Families like this make my blood boil. How dare they treat the person who cares for their children in this demeaning manner??

Oh well.
Thank goodness for karma. It never forgets. Hehehehehe.......

Miss K said...

I would try to contact a few agencies and look online for better positions. I was in your position once and basically it sounds like they hired you as a low pay servant. Good Luck.

I worked with Nanny Boutique and they were fantastic. Interviewed with them and then the family had a position in LESS THAN 5 days!!!

I have worked with several other Chicagoland agencies but honestly in over 10 years as a nanny these guys were the best.

Hope it all works out for you Please let us know what happens.

riderthenanny said...

Yep. Ring someone just in case it goes balls up. But, sit them down and tell them 'no' now, you'll probably end up screaming or swearing at them eventually out of pure frustration. In some places, families justify a lower wage if they are housing you rent-free and paying all of your power and meals/transport expenses.

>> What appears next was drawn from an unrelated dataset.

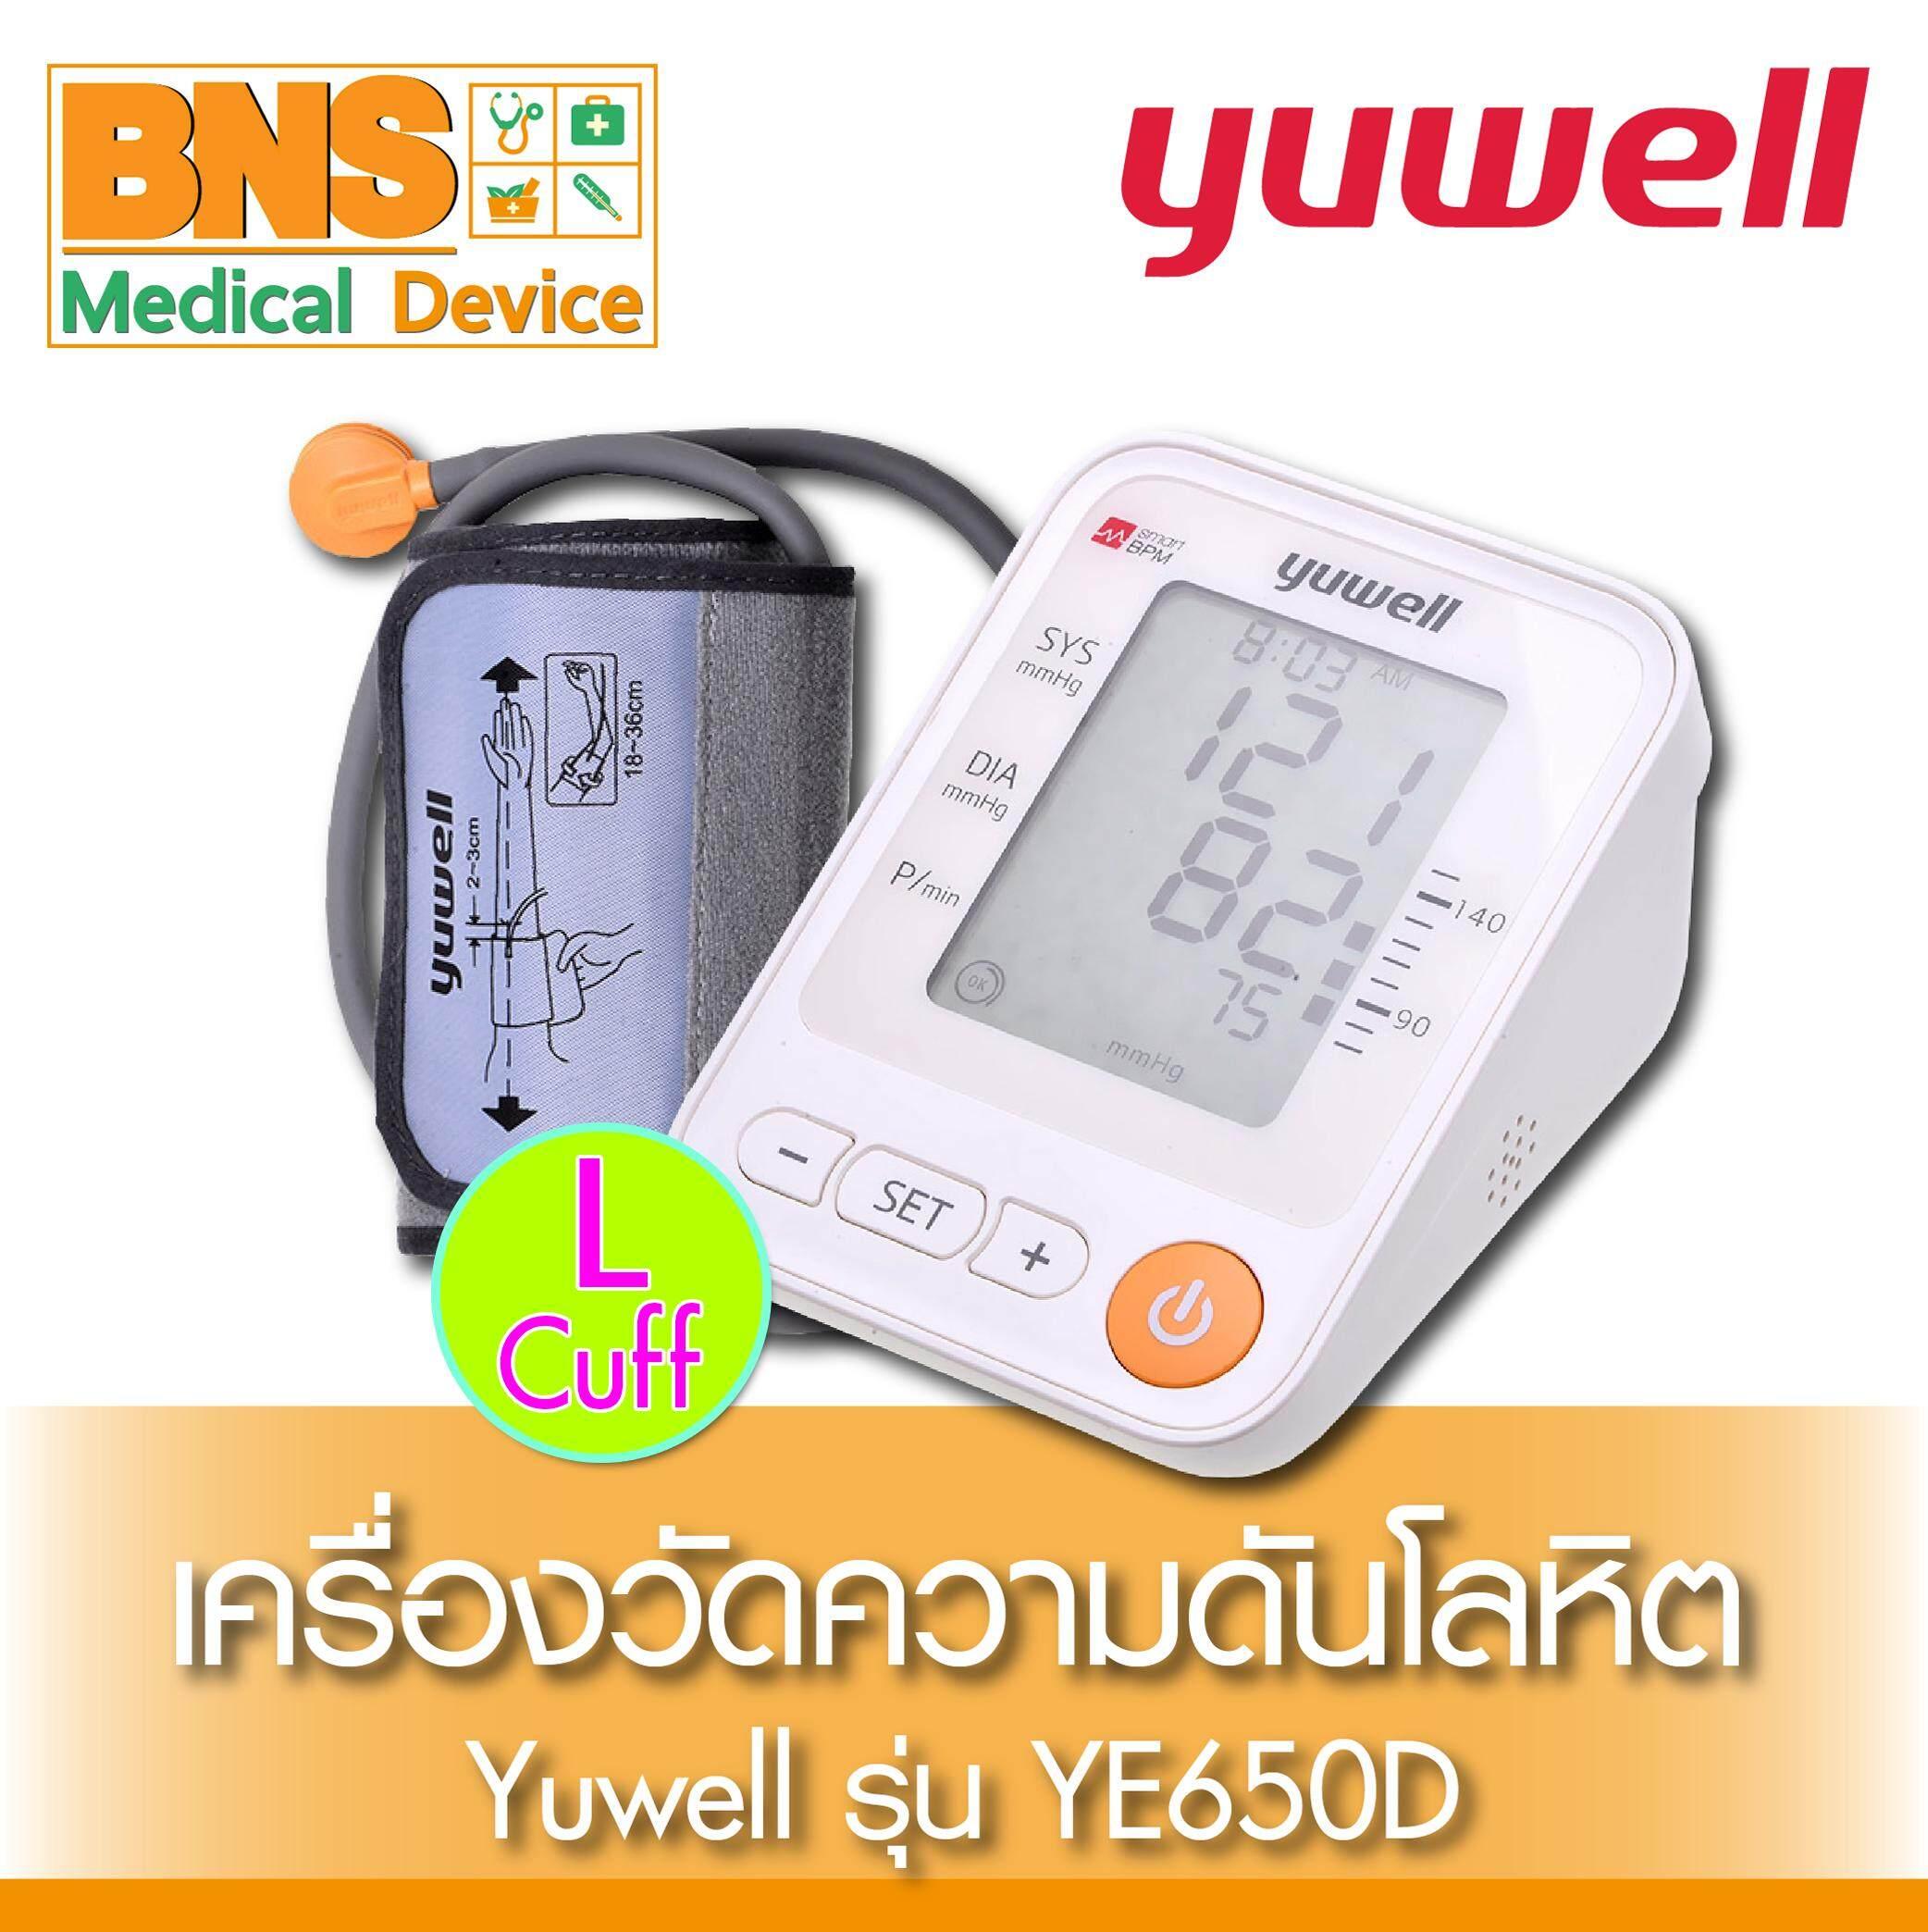 Yuwell YE650D ยูเวล เครื่องวัดความดันโลหิต L Cuff (มีรับประกัน) (ถูกที่สุด) By BNS
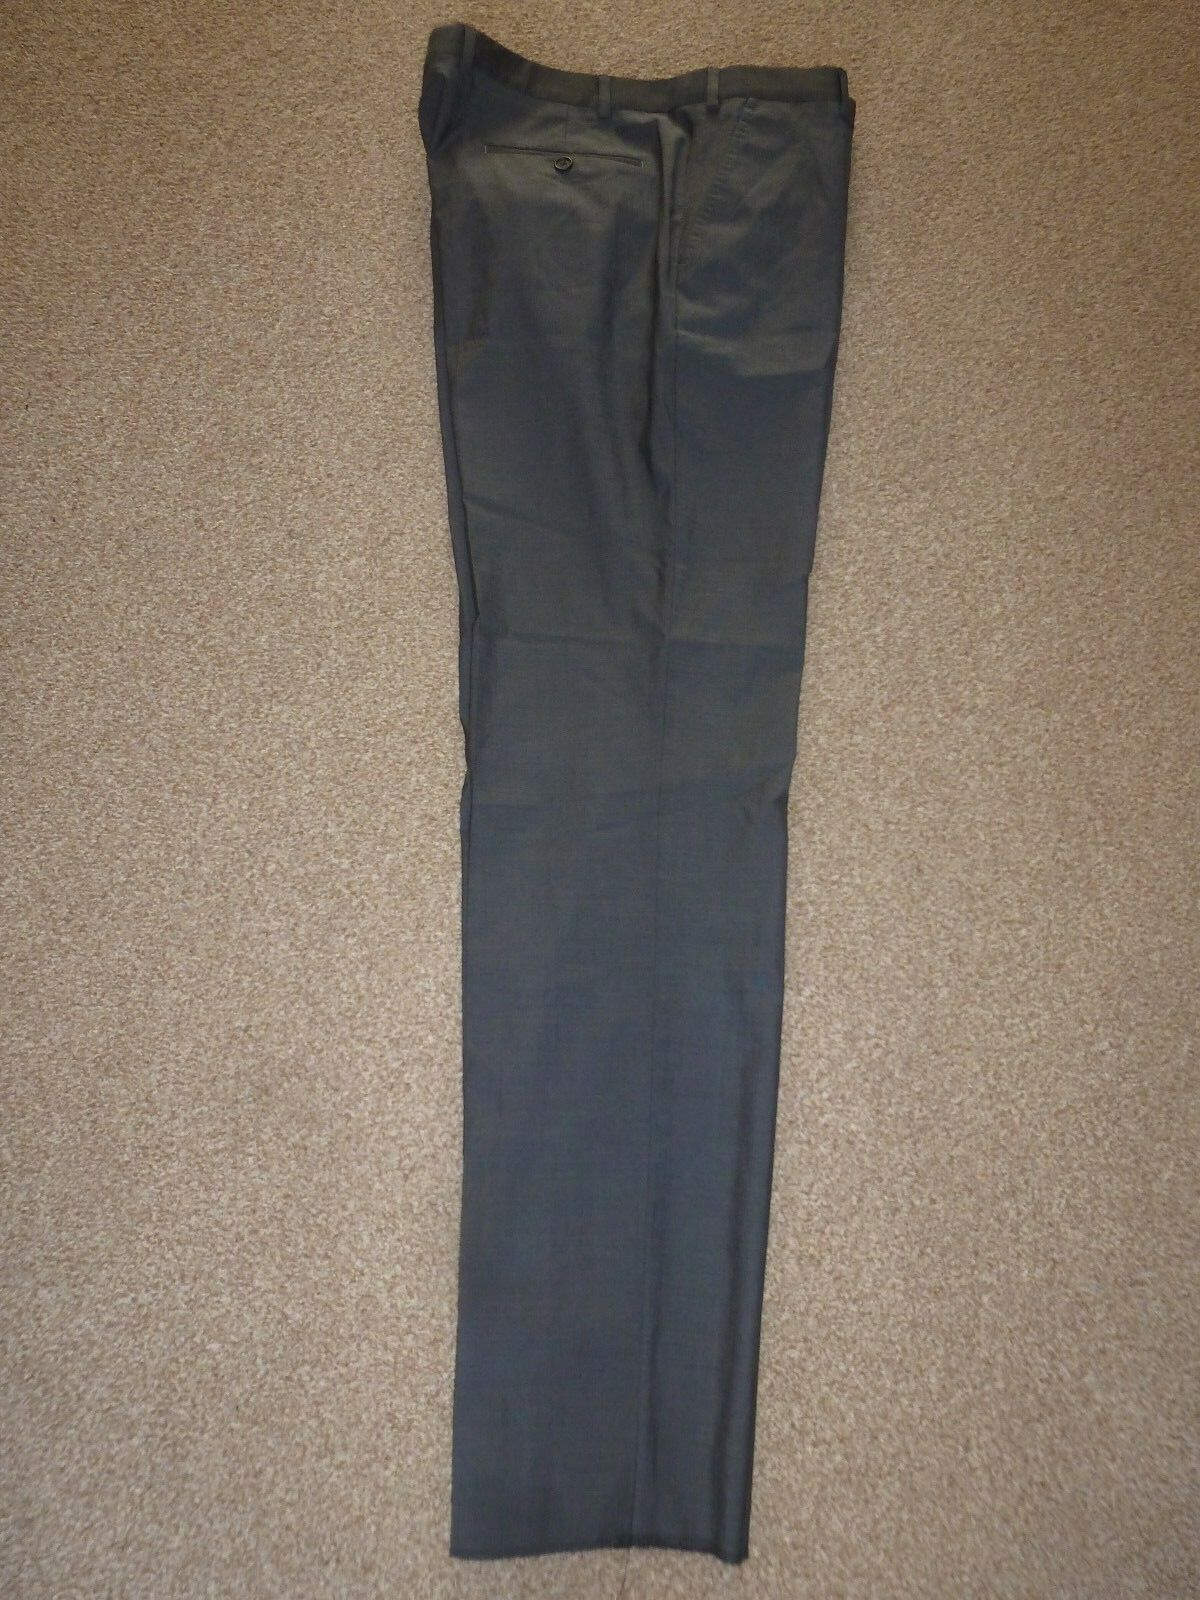 BNWT Homme Neuf Ted Baker Endurance Endurance Baker en laine gris veste de tailleur 36 R Taille 36 Jambe 33.5 50d0d3

However, you are still a live-in nanny, and you don't deserve to be treated as a slave - ever.

Letter Writer said...

Thank you everyone for the advice! Things have gotten even worse since I wrote in. I've worked for several hours all three weekends for no pay, usually being woken up in the morning by a pounding on my door. Mom and the kids went out of town this past weekend, and Dad told me to be out of the house Saturday night! I feel like a prisoner in this house sometimes, and not only that, but when I work these extra hours for free, I generally just watch/feed the kids and don't do anything extra like house cleaning and Mom had the nerve to complain about it and leave me nasty notes around the house! I'm already applying for other jobs and have an escape plan set. I'm not putting up with this for another minute. I also have to badger and remind them obsessively to pay me or else they "forget".

Anonymous said...

Aw op, that's terrible. Use that escape plan and get out! I hope you can find a new job and get out of this hell hole. Best of luck to you.